Thursday October 28 3:30 PM – Thursday October 28 4:00 PM in Talks II

Enterprise Machine Learning Pipelines with Unstructured Image Data

Jacqueline Nolis, Chase Ginther

Prior knowledge:
Previous knowledge expected
machine learning with Python


Learn to build a machine learning data pipeline that trains a convolutional neural network to classify images. This talk will describe new technologies to aid machine learning practitioners in managing and using unstructured data and discuss applications to real-world business scenarios.

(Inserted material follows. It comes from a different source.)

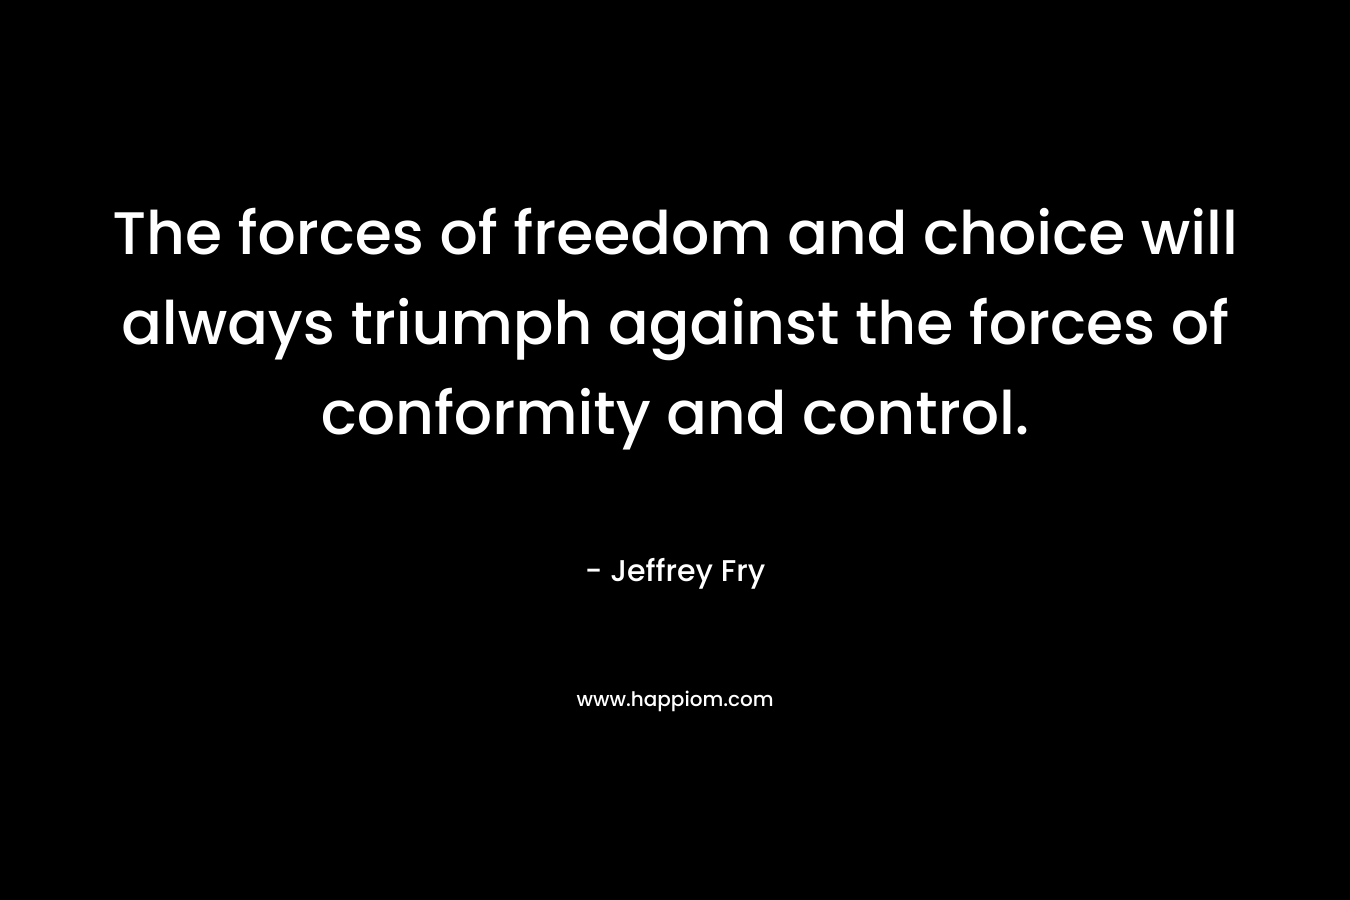 The forces of freedom and choice will always triumph against the forces of conformity and control.

While many machine learning tasks work well with tabular data, data scientists in many industries and sectors need to model other types of data, such as images and videos, to achieve business goals. For example, retail businesses frequently need to serve appropriate, relevant visuals to customers in the online purchasing funnel. Using machine learning to support this can reduce human toil and allow business to scale at a click, but at the same time if the data is poorly managed it can cause compliance, reproducibility, and security problems.

In this talk, attendees will learn how to effectively manage and use unstructured data for machine learning in enterprise settings. The data pipeline will use new Snowflake storage technology connected with the Saturn Cloud platform to train a convolutional neural network to classify images. The machine learning demonstrations will use GPUs and Dask clusters to highlight performance possibilities while also relating to real-world business use cases.

Attendees will leave with practical skills for applying image classification to their business, including using unstructured data storage and cloud based machine learning tools. This session is recommended for attendees with some experience using Python for machine learning, but no experience with the other tools is necessary to get value from the talk.